The 6th Day of Yuletide

The Rebirth of The Light
or The Divine Child
The Virgin Birth or Pathogenesis



Anthropologists would have us believe that in times long past the people believed that the sun had died and didn’t really believe that light would return, that the days would grow longer again, that Spring, Summer, and Autumn would glide into another winter. On and on into infinity. As if they hadn’t long recognized the ways of the sun and moon and stars, the ways the Earth burgeons, births, releases, and rests. I’m not sure I buy that part but I do love the stories of the rebirth of the Light, of all of the ways the Sun is celebrated back at this time of year.

Who gives birth to the Light? The Virgin Mother. She does this in an act called Pathogenesis and Mother Mary, who birthed Jesus or The Christ, was not the first or last to lay claim to this. In fact, even now, animals do it all the time. Bees create an emergency queen and she lays drone eggs without ever being inseminated. Sharks do it, too.

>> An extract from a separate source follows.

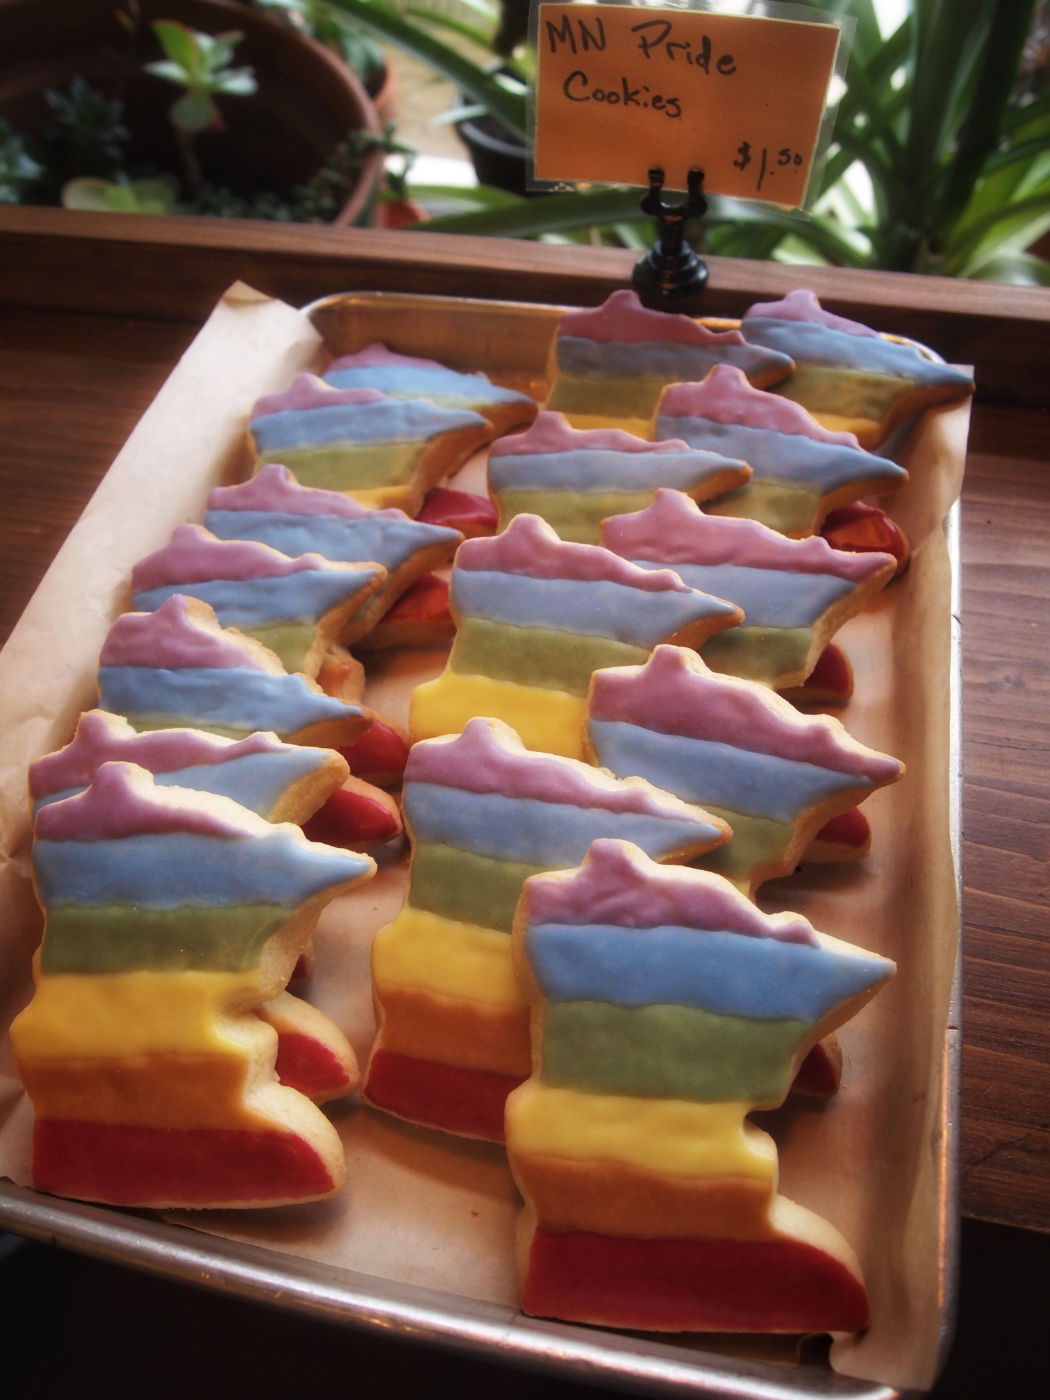 Tray of Minnesota state-shaped rainbow-frosted cookies.

Who are the other mothers who gave birth without being inseminated by a man? Here’s a short list: Rhea Silvia, mother of Romulus and Remus; Net, mother of Ra, the Egyptian Sun god (birthing the Sun); Isis birthed Horus without the help of male; Nana birthed Attis who went on to be killed and then resurrected; Persephone birthed Jason, of Jason and the Argonauts; Semele birthed Dionysus, the god of wine and music; and Perictione, mother of Plato, was also a virgin. Plato had no earthly father. It’s also known that Mother Mary herself was a daughter of Pathogenesis. Her mother Anna became pregnant without the assistance of any earthly male.

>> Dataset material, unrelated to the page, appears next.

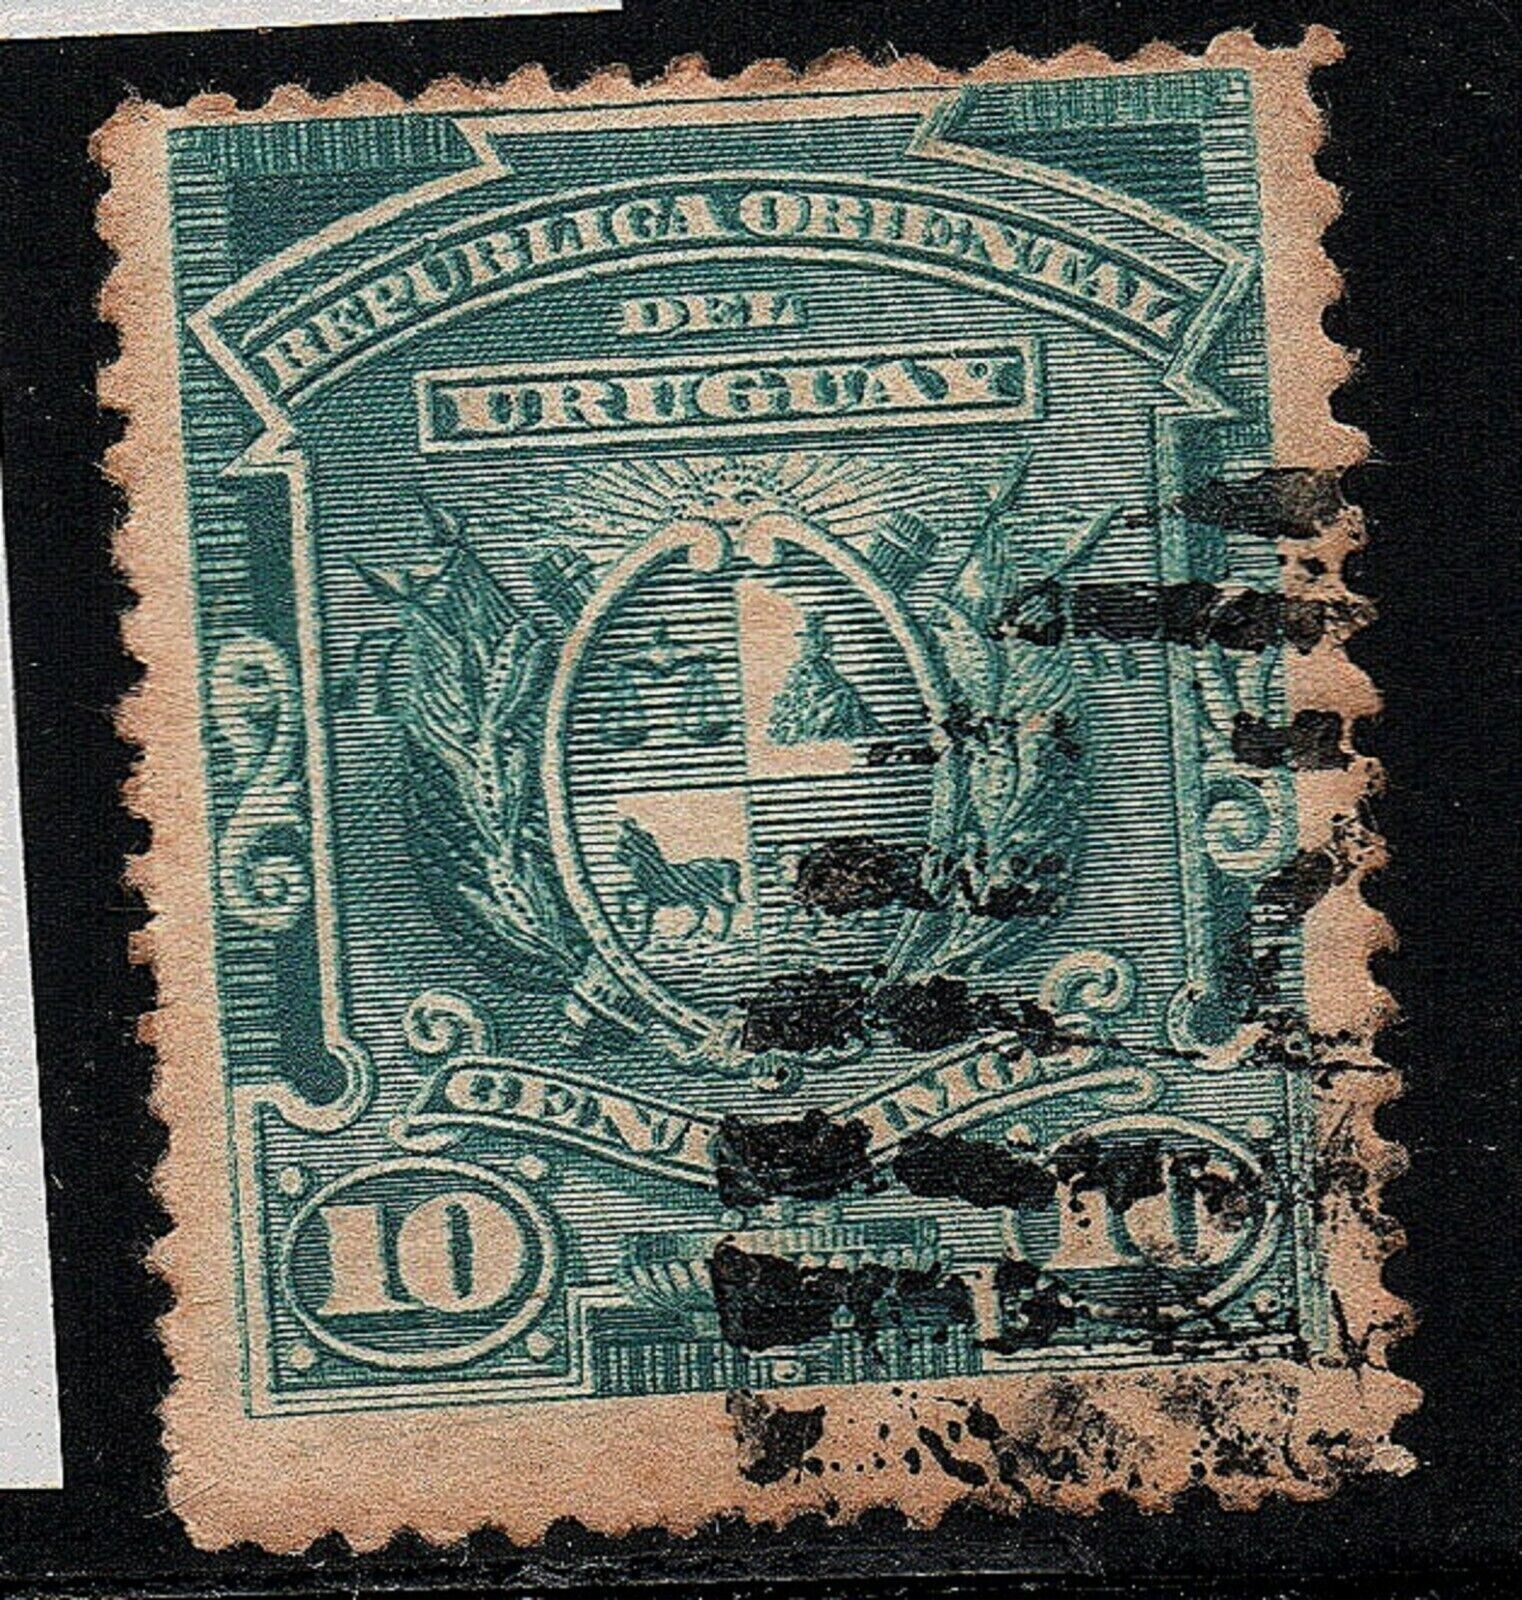 Primary image for Uruguay #84 very strong  Re-entry variety Coat of arms apealing used stamp

Romans celebrated the birth of their adopted sun god, Sol Invictus, on December 25th. He came to Rome from Syria. Constantine, who did so many things that have carried through to now declared the date of December 25th to celebrate the birth of the Christ child who was most likely born in the Springtime, under the sun sign of Aries, as that was the timing planned for the birthing of Kings. May other holy births were celebrate around this time of year.

At this time of year we honor the Sun, or the Son, as symbol of Light reborn. This light is not something to be projected outwardly but to be honored within our own hearts. We have plenty of time before Spring in which to sink deeply into the rich and fecund darkness as the seed of our own light kindles.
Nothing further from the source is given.